A very famous result is that if \(\sigma\in S_3\) is any \(3\)-letter permutation, then the number of \(n\)-letter permutations which avoid \(\sigma\) is counted by the catalan numbers \(C_n\), which is pretty cool!
Here’s a proof for \(\sigma=231\) (you can check the other \(5\) cases yourself, at least one is immediate by symmetry)
So here’s the proof: Let \(\pi\in S_n\) be a \(231\)-avoiding permutation. Then, the corresponding Dyck path will return to height \(0\) for the first time after exactly \(2\pi_1\) steps. Now you recursively find the segment before the return, and recursively find the segment after the return.
Basically, the key to note is that after you fix \(\pi_1\) then you have to deal with everything less than \(\pi_1\) before dealing with anything larger than \(\pi_1\), because once you leave the below \(\pi_1\) teritory, you can’t return. ever.
another neat problem; unrelated
Let \(F_n\) denote the \(n\)-th fibonacci number. Then: \[F_{2n}^2 +1 = F_{2n+2}F_{2n-2}.\]
some blog-y stuff: you know, this seems like a really easy problem. But as I like to say
you should try to do lots of problems and not worry too much about them being “too easy”. I didn’t really think it was a very easy problem, it took my a while to think of a solution. I don’t think the amount of time that it takes to solve is particularly relavant though. Really what it means to be a good mathematician is 1. you care about understanding things like this. even if it’s a simple problem, and not an original result or anything; 2. you are willing to persist and stuff. and not get upset about the process, but enjoy it. as I like to say “don’t become so obsessed with where you are going that you forget why you are going there” and forget to take some cool pictures on your way and get dominos. I mean yes, you shouldn’t try to take on too many problems at once either. But trying lots of problems is good.
anyways that’s just what I like to say.
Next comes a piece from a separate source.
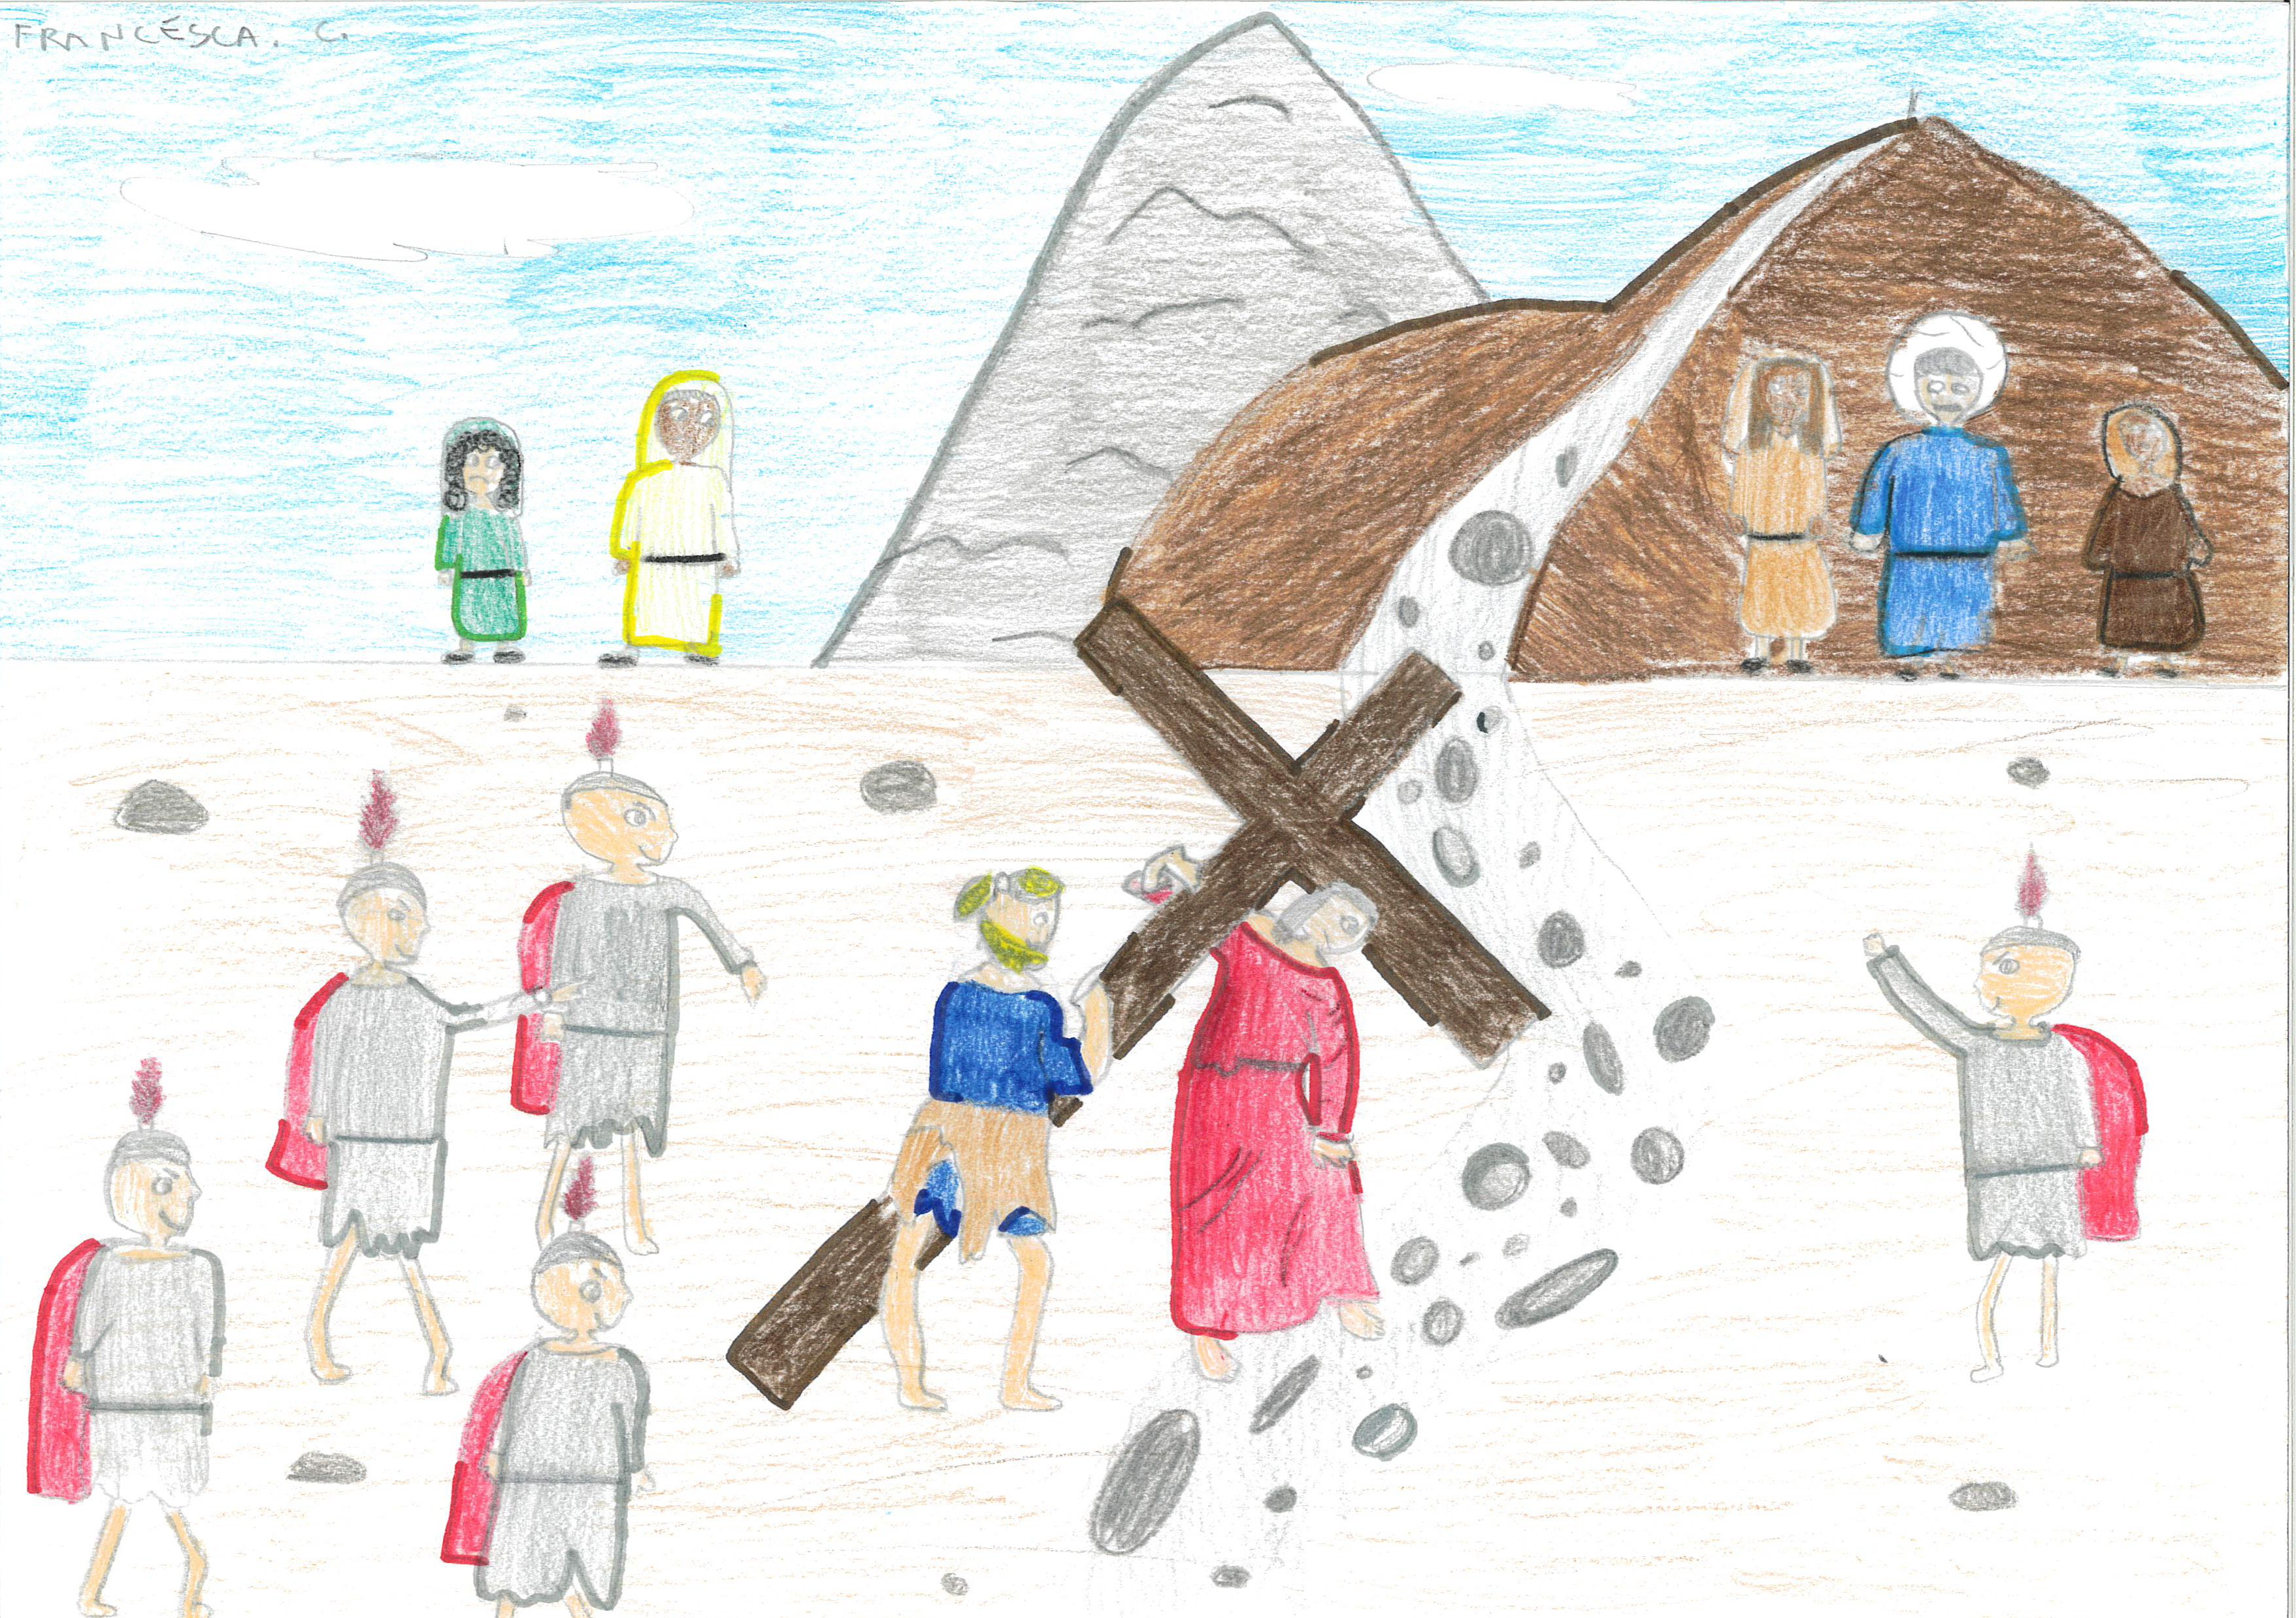 Pope Francis will use reflections and drawings from kids for this year

But here’s the solution:
\(F_n\) counts the number of domino tilings of \(2\times n\) rectangle. If we do \(F_a\cdot F_b\) this is domino tilings of \(2\times (a+b)\) grid, except we ban a domino crossing the \(a\) line. So we just have to show a bijection between some sets of domino tilings of a \(2\times 4n\) grid, with different banned crossing lines. And we basically do this by just pushing the horizontal domino to the right and bumping out whatever’s in its place and then recursively repeating the bumping stuff.